··· SOURCE DATA ···

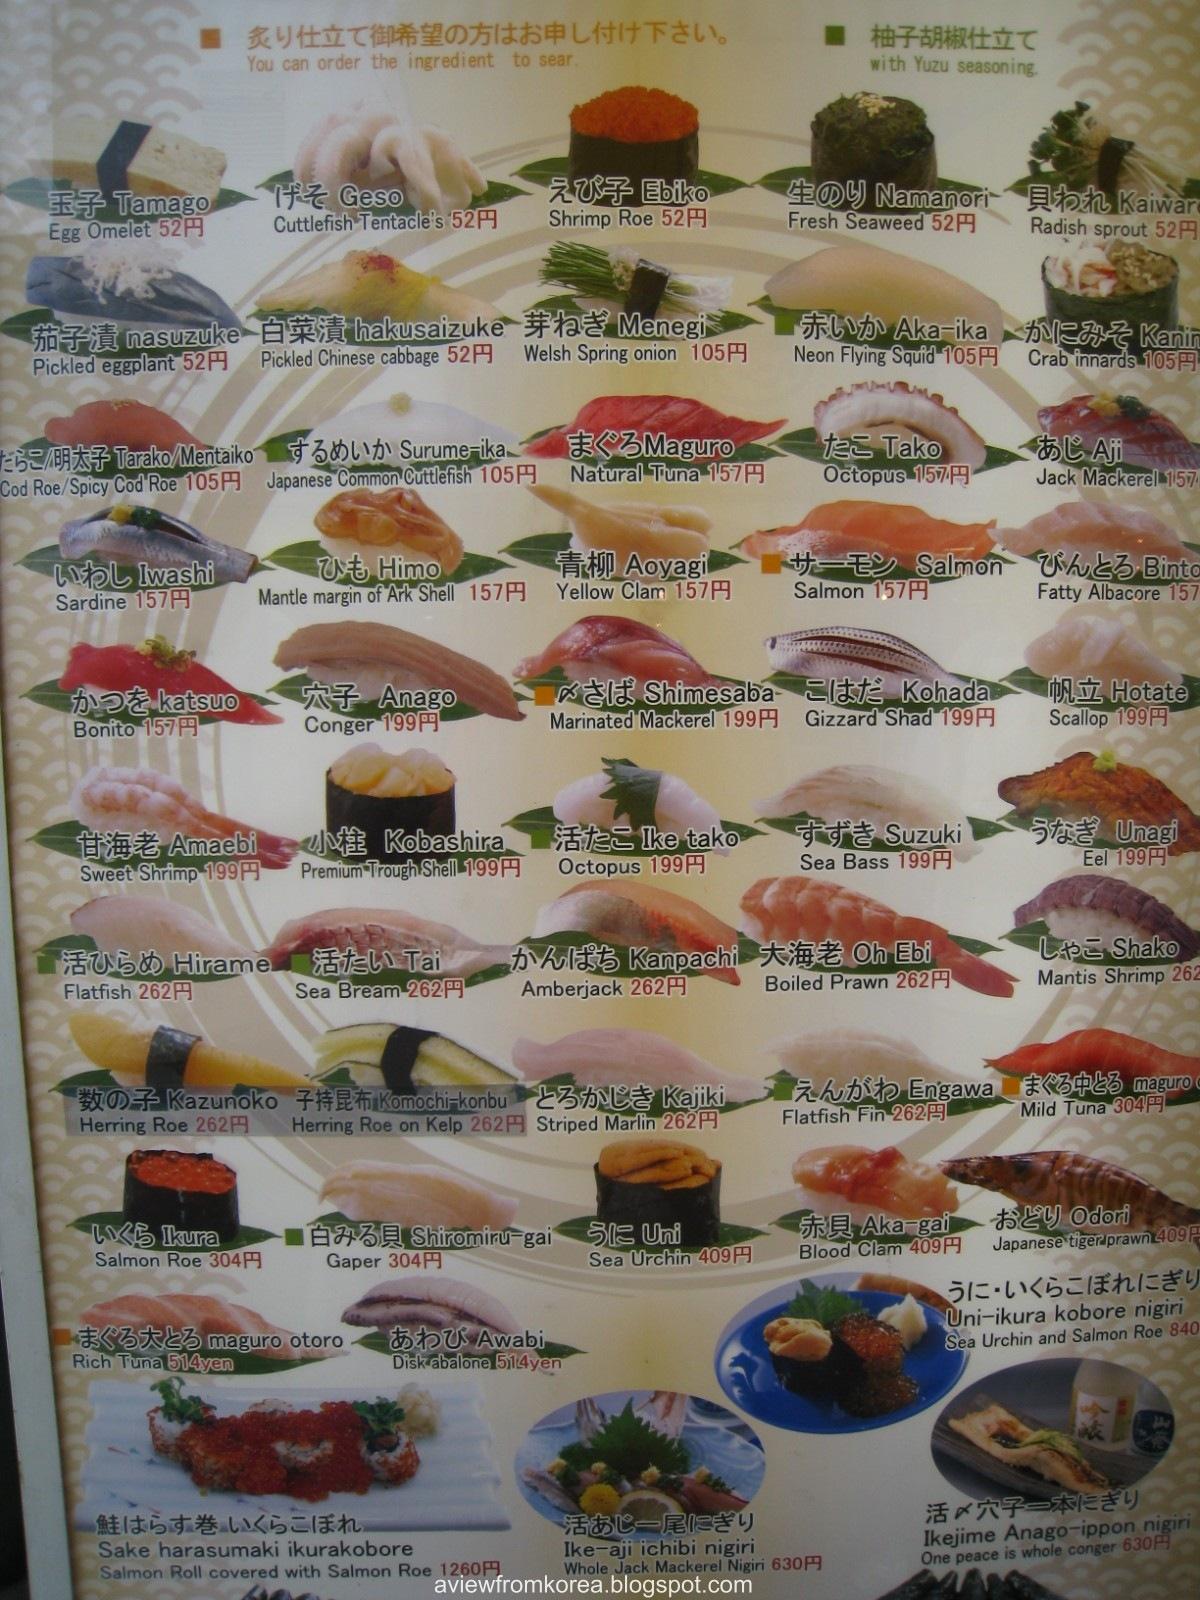 [Tsukiji Fish Market_26 [1600x1200][2].jpg]
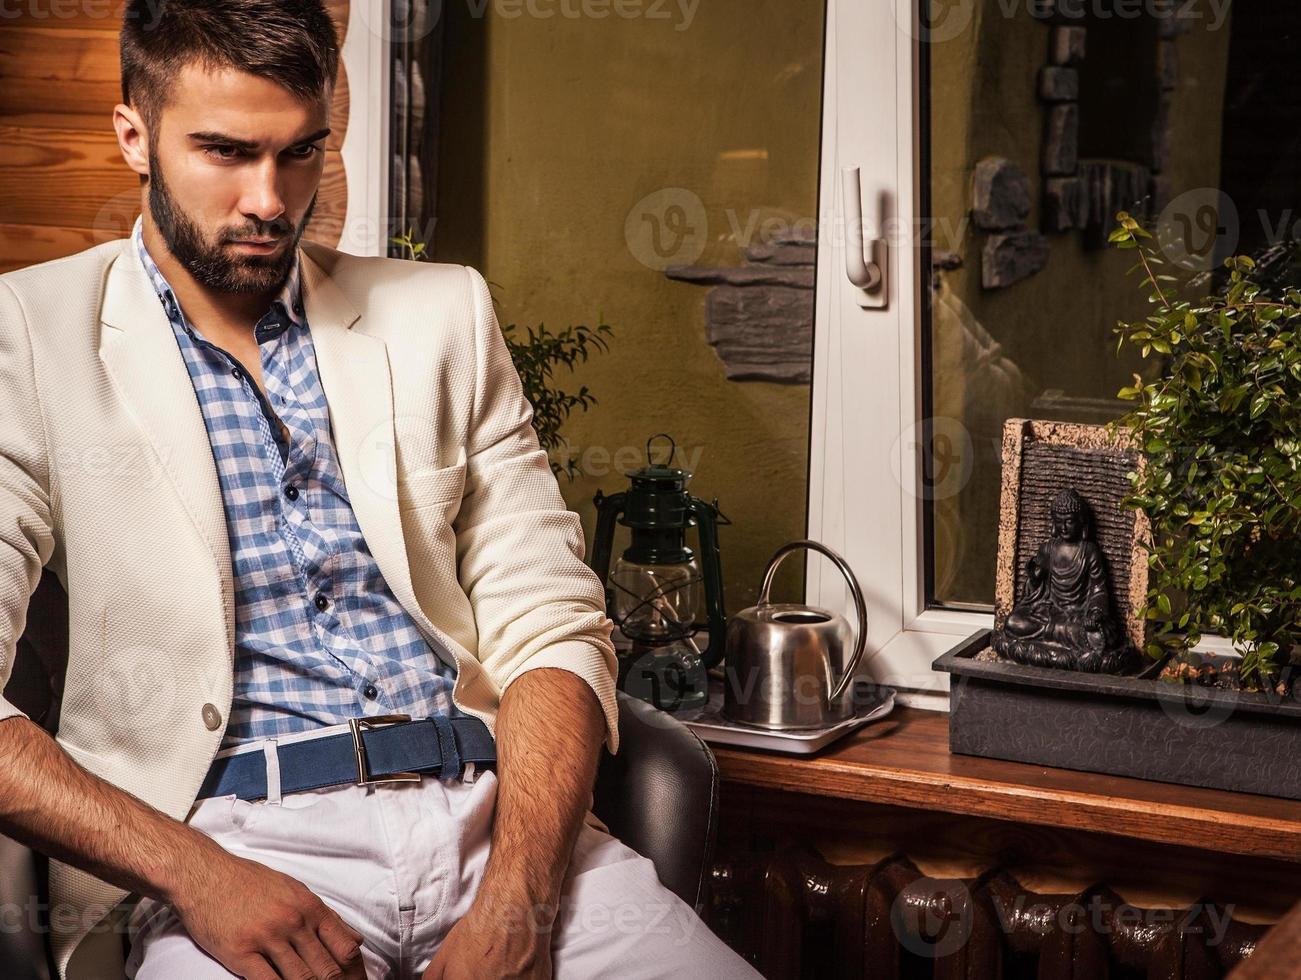 jonge aantrekkelijke bebaarde mannen poseren in moderne kamer. close-up foto. foto
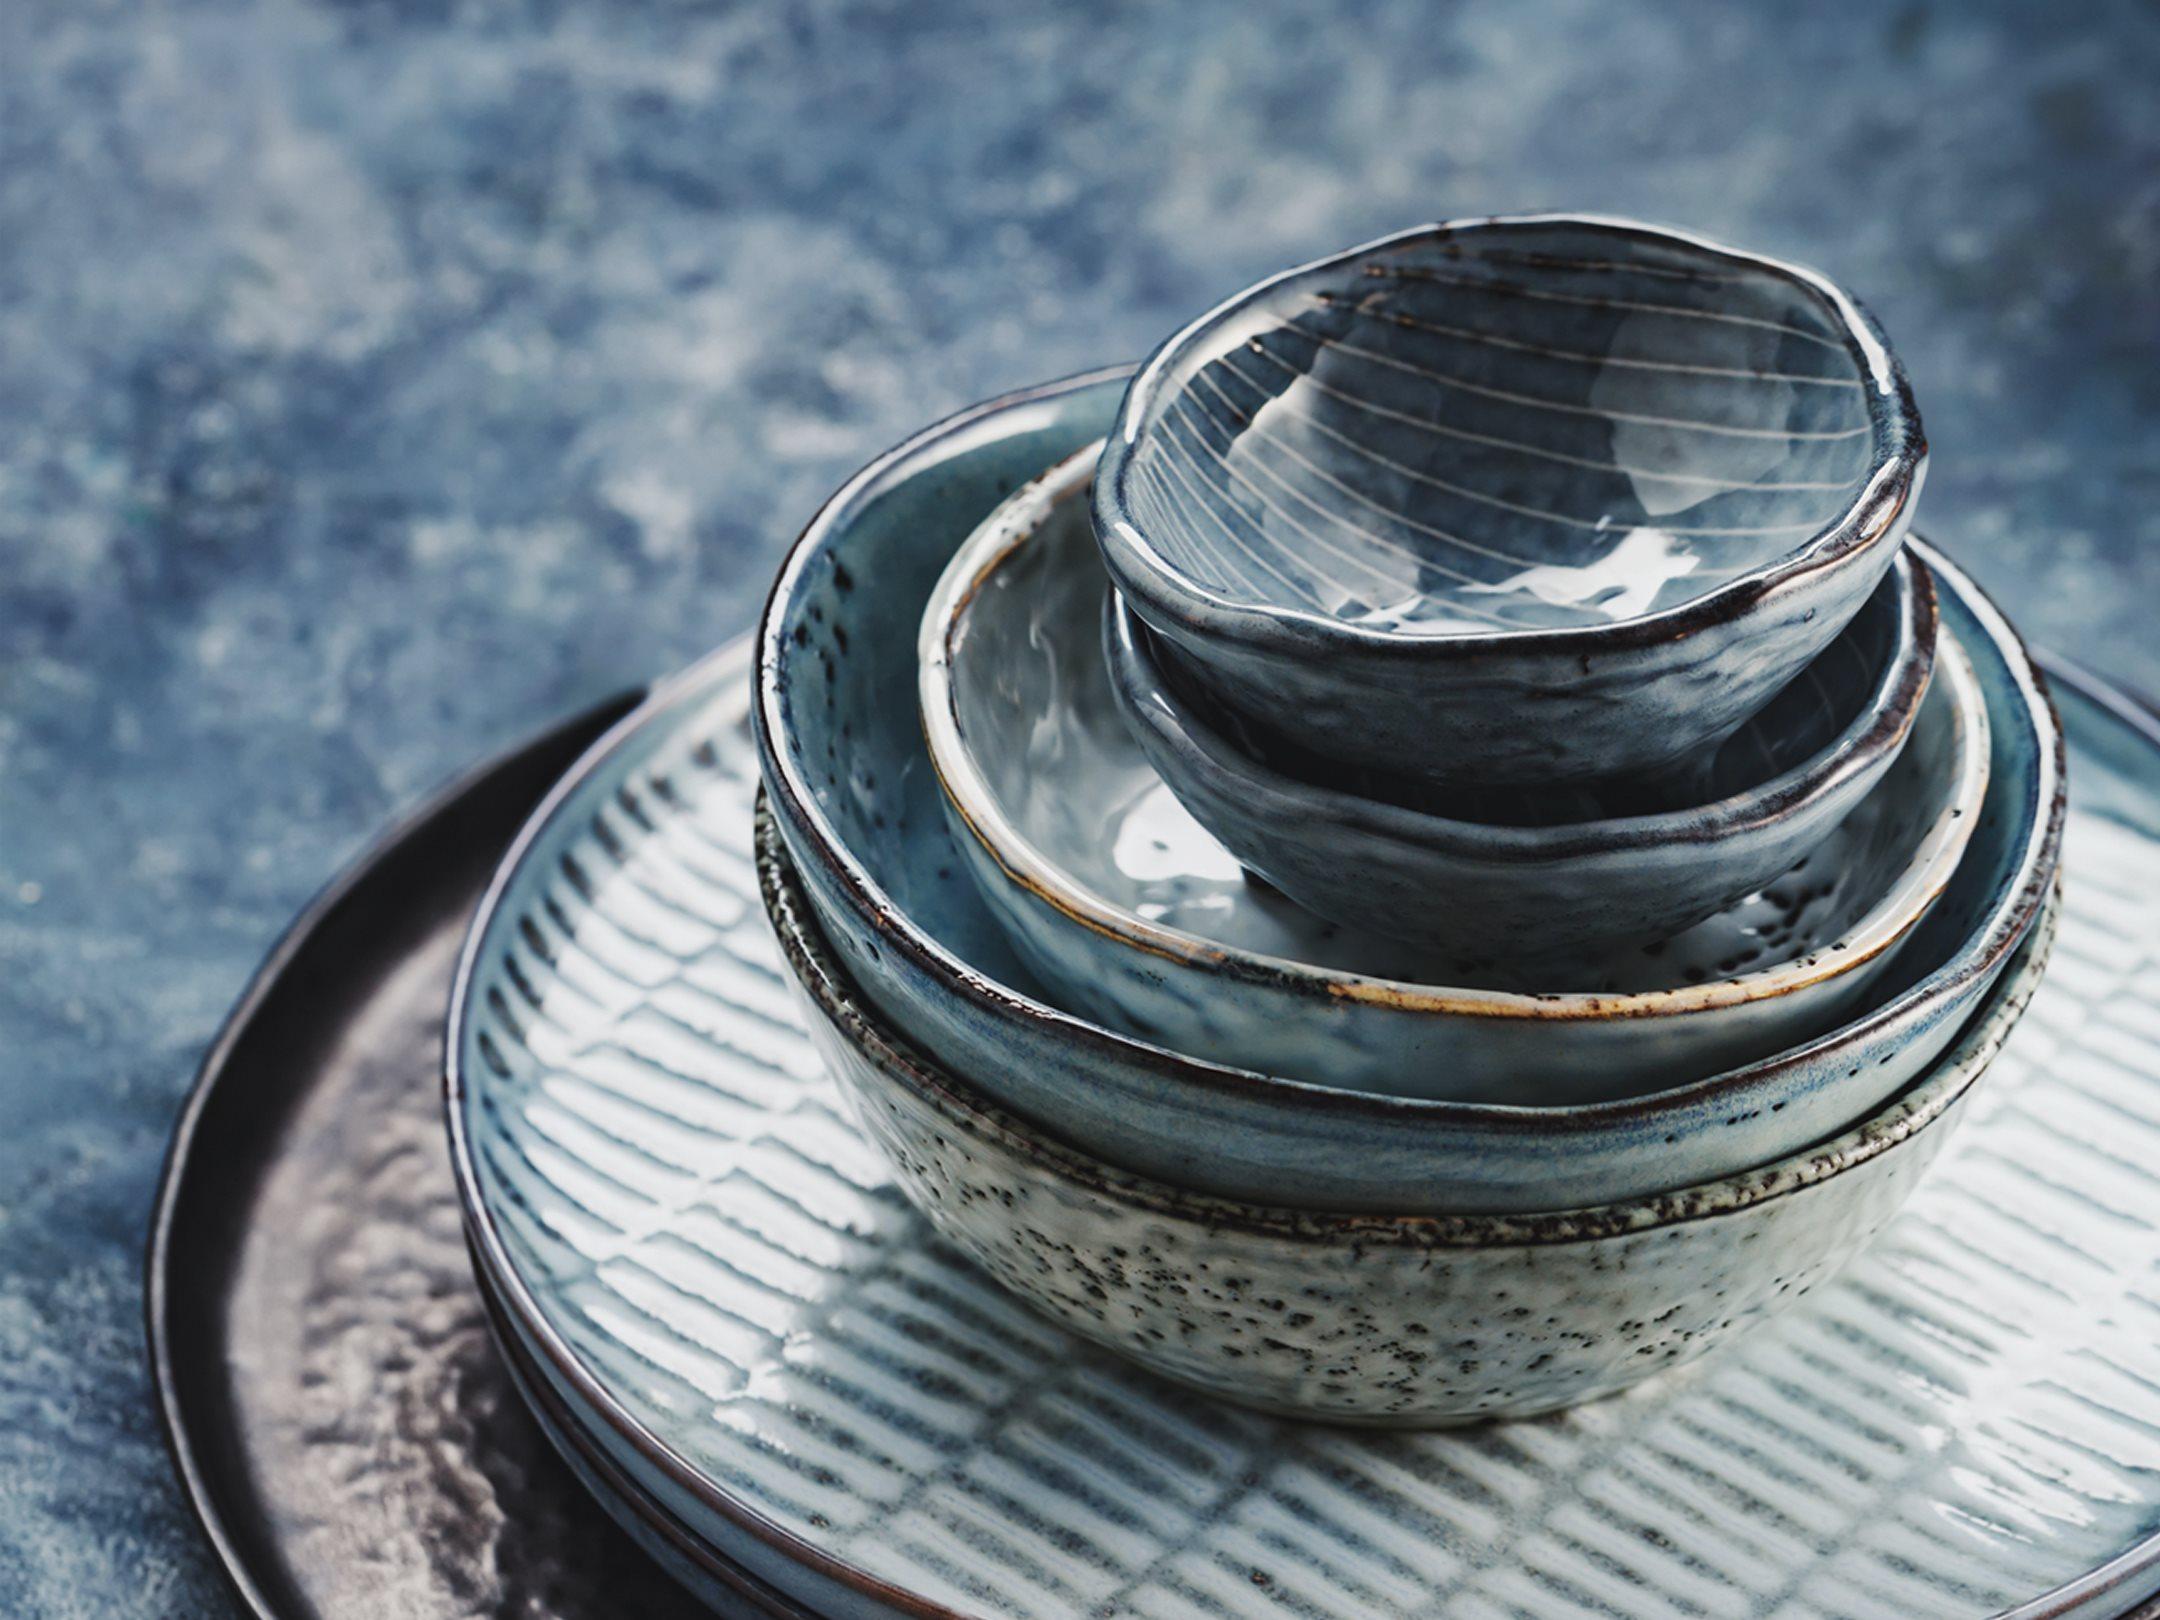 皿、椀、鉢、杯。 毎日使ってる食器の名前、 ちゃんと知ってますか?
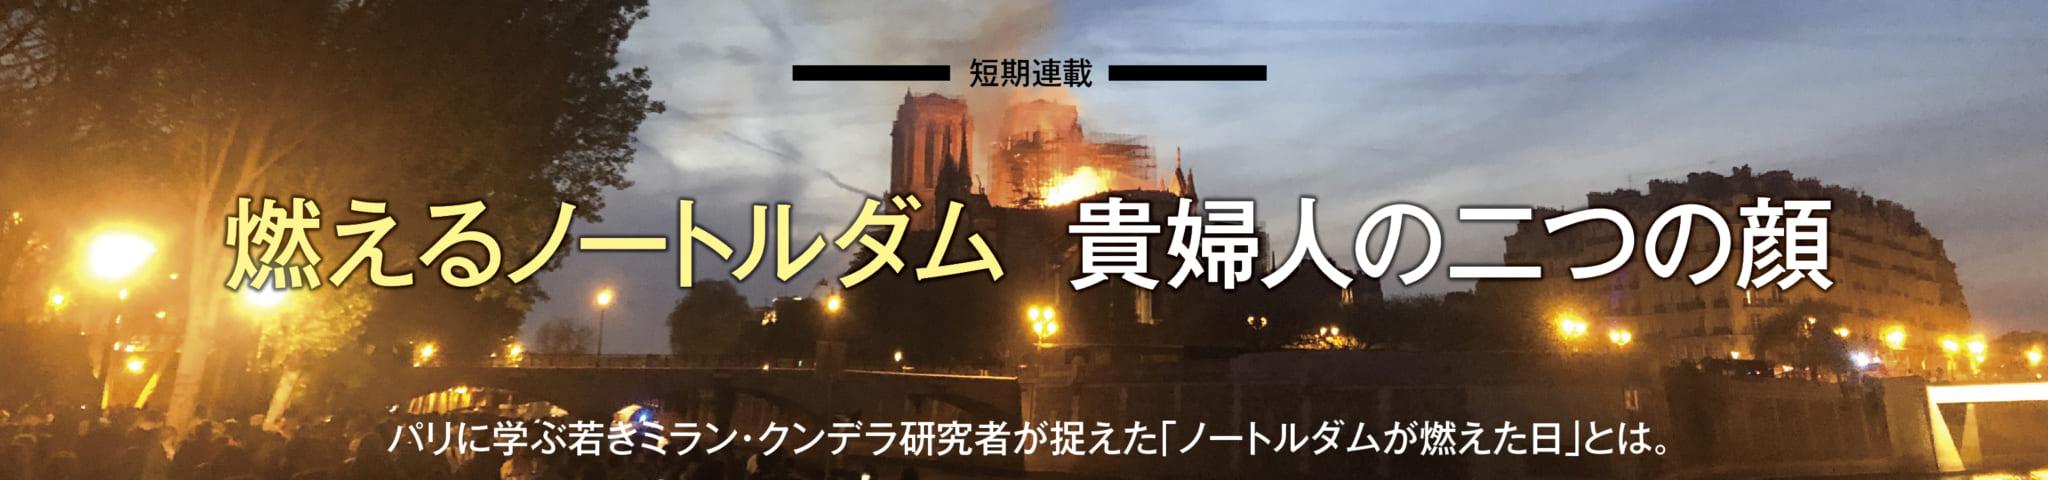 【短期連載】燃えるノートルダム 貴婦人の二つの顔
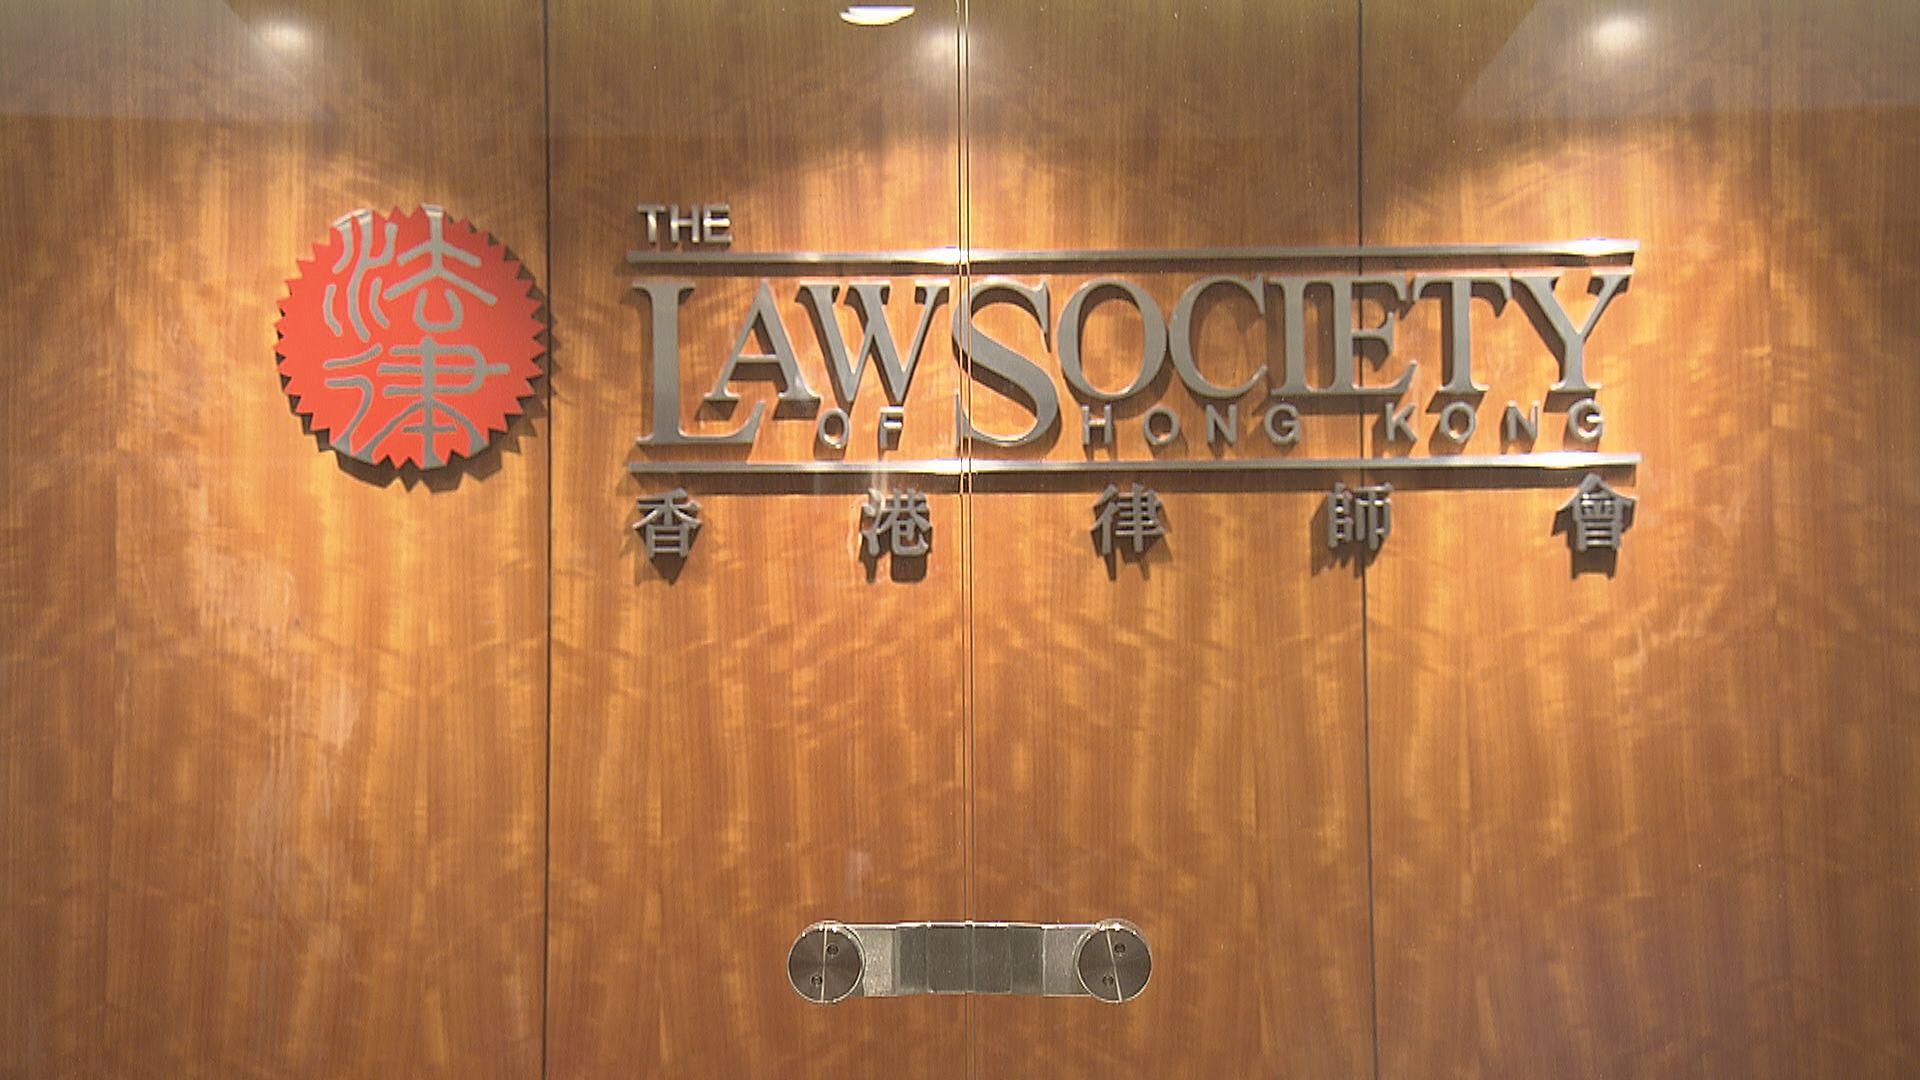 律師會指張達明違反保密責任 通過對其不信任動議

···

** REQUIRED WORK **
Please return the entries above exactly as they appear, but without the pictures.

** OUTPUT **
 [Tsukiji Fish Market_26 [1600x1200][2].jpg]
 jonge aantrekkelijke bebaarde mannen poseren in moderne kamer. close-up foto. foto
 皿、椀、鉢、杯。 毎日使ってる食器の名前、 ちゃんと知ってますか?
 【短期連載】燃えるノートルダム 貴婦人の二つの顔
 律師會指張達明違反保密責任 通過對其不信任動議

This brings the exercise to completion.